Keywords: Denture Base Materials; Probase Hot; Conventional Acrylic Resin; Long-Curing Method and Short- Curing Method

Introduction

Since the mid-1940s, the majority of denture bases have been fabricated using polymethyl methacrylate resins. Heat-activated materials are used in the fabrication of nearly all denture bases [1]. It was excellent esthetic properties, low water sorption, low solubility and adequate strength [2]. In recent years many attempts have been made to improve dentures by special methods of processing, Such as light activated resin, microwave activated resin, and vacuum-plus-pressure low-temperature polymerization techniques [3]. Other polymers developed include vinyl acrylic, polystyrene, epoxy, nylon, vinyl styrene, polycarbonate, polysulfideunsaturated polyester, polyurethane, polyvinylacetate- ethelene, hydrophilic polyacrylate, silicones, rubber- reinforced acrylics, and butadiene-reinforced acrylic [2].

Unfortunately, all available resins used in dentistry undergo shrinkage during processing. Ill fit denture was evident as a result of shrinkage of denture base. The posterior border of the denture base shows the greatest amount of processing shrinkage. The greater the curvature of the tissue at the posterior palatal region, the greater its distortion. Studies revealed non-uniform discrepancy pattern between the denture base and cast. The greater discrepancy occurred at the mid-palatal region of the posterior border in the area of posterior palatal seal. Discrepancies in this area will most certainly have a negative effect on the retention of a denture base [4,5].

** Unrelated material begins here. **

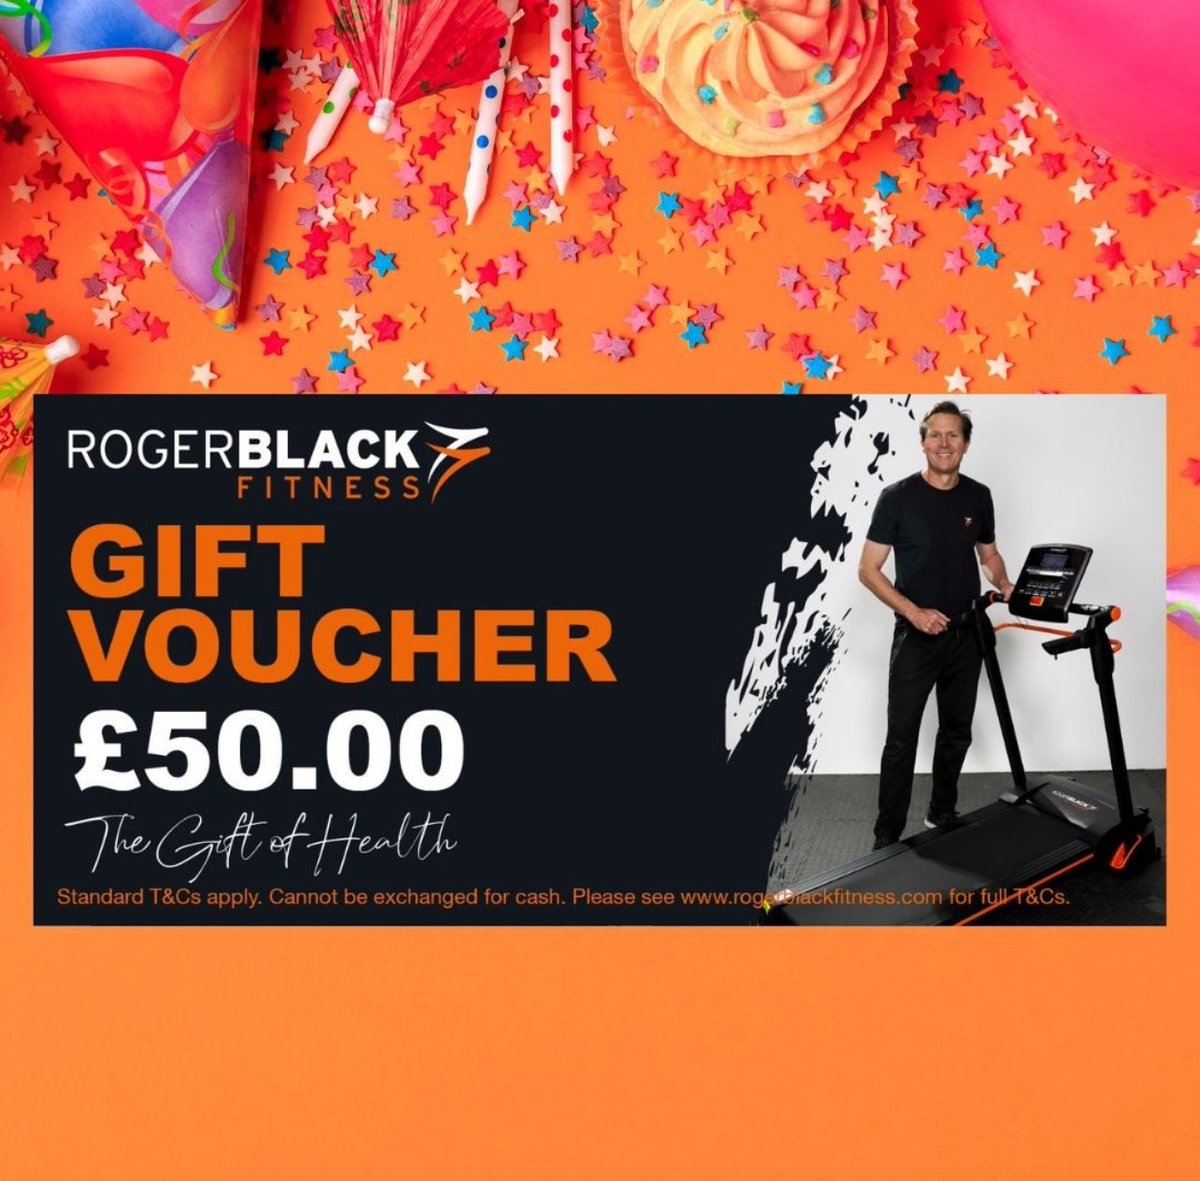 Running out of time? (Geddit?!) . Here’s your solution rogerblackfitness.com/product/vouche… #rogerblack #rogerblackfitness #fitnessequipment #treadmill #exercisebike #workoutfromhome #homeworkout #homegym #fitnessjourney #fitnessforall
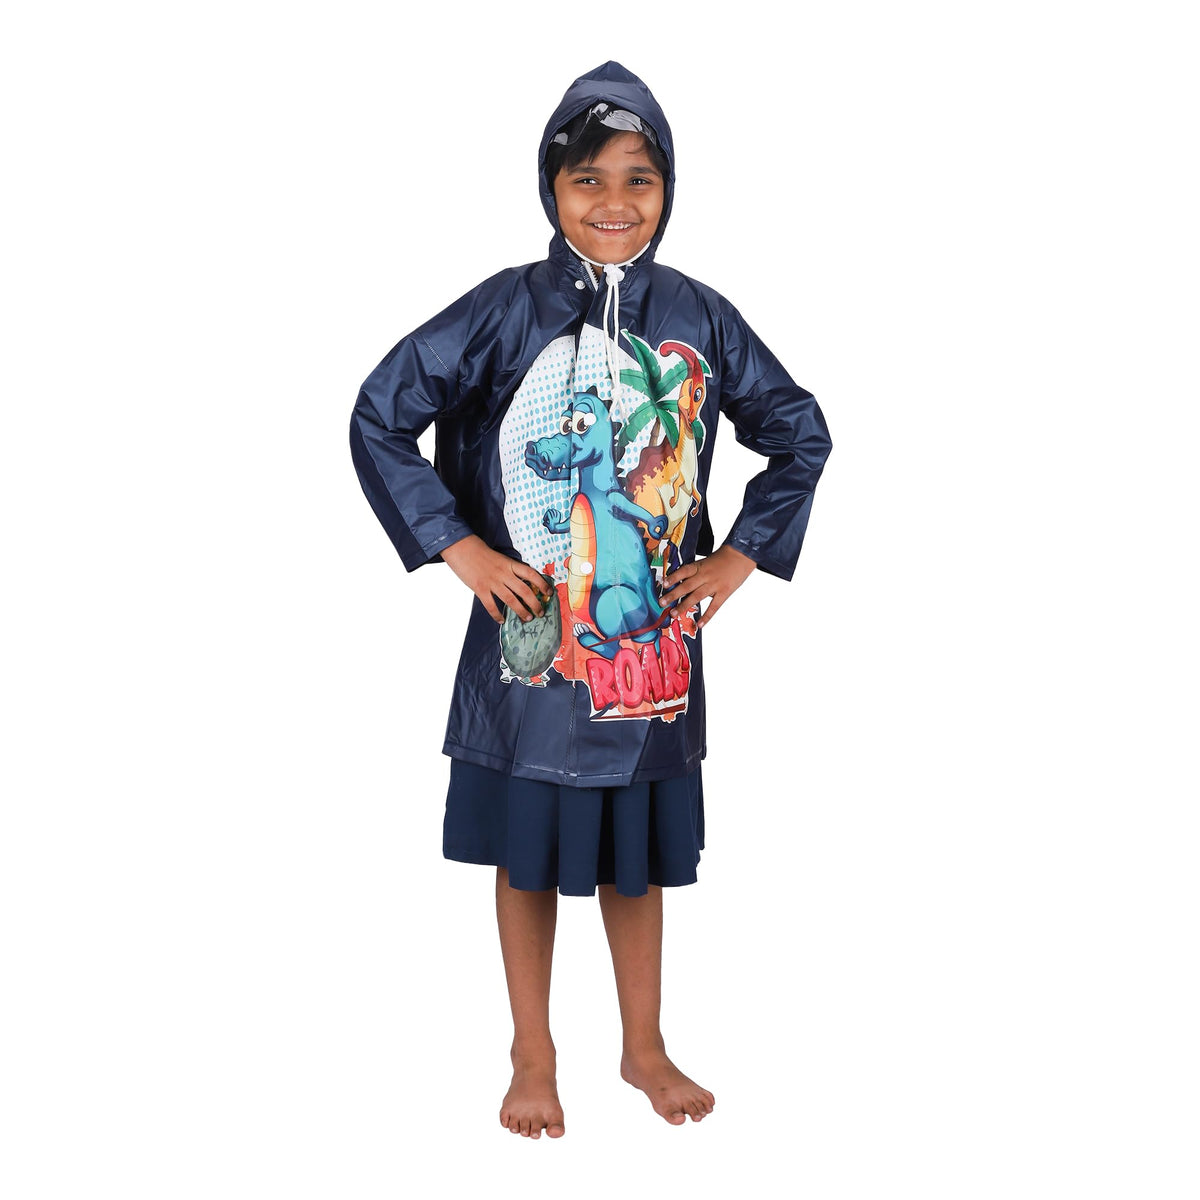 THE CLOWNFISH Toon Caper Series Kids Waterproof PVC Longcoat with Adjustable Hood & Extra Space for Backpack/Schoolbag Holding. Printed Plastic Pouch. Kid Age-5-6 years (Midnight Blue)

Adaptation of denture to the supporting structures improves the retention of the denture [3]. The adaptation is deteriorated by denture processing, cooling of the flasks, and during finishing and polishing. All these processes result in war page of the denture base [1]. All available resins used in dentistry undergo shrinkage during processing. Ill fit denture was evident as a result of shrinkage of denture base [3]. Enerally satisfactory processing temperature for the heat curing acrylic resin is between 71-77ºC regarding its dimensional stability. A satisfactory processing procedure is to cure the material in water bath at 74ºC for 8 hours or longer (long curing cycle). Another satisfactory method is to cure the material in water bath at 74ºC for 1.5 hours and then at 100ºC for one hour (short curing cycle) [2].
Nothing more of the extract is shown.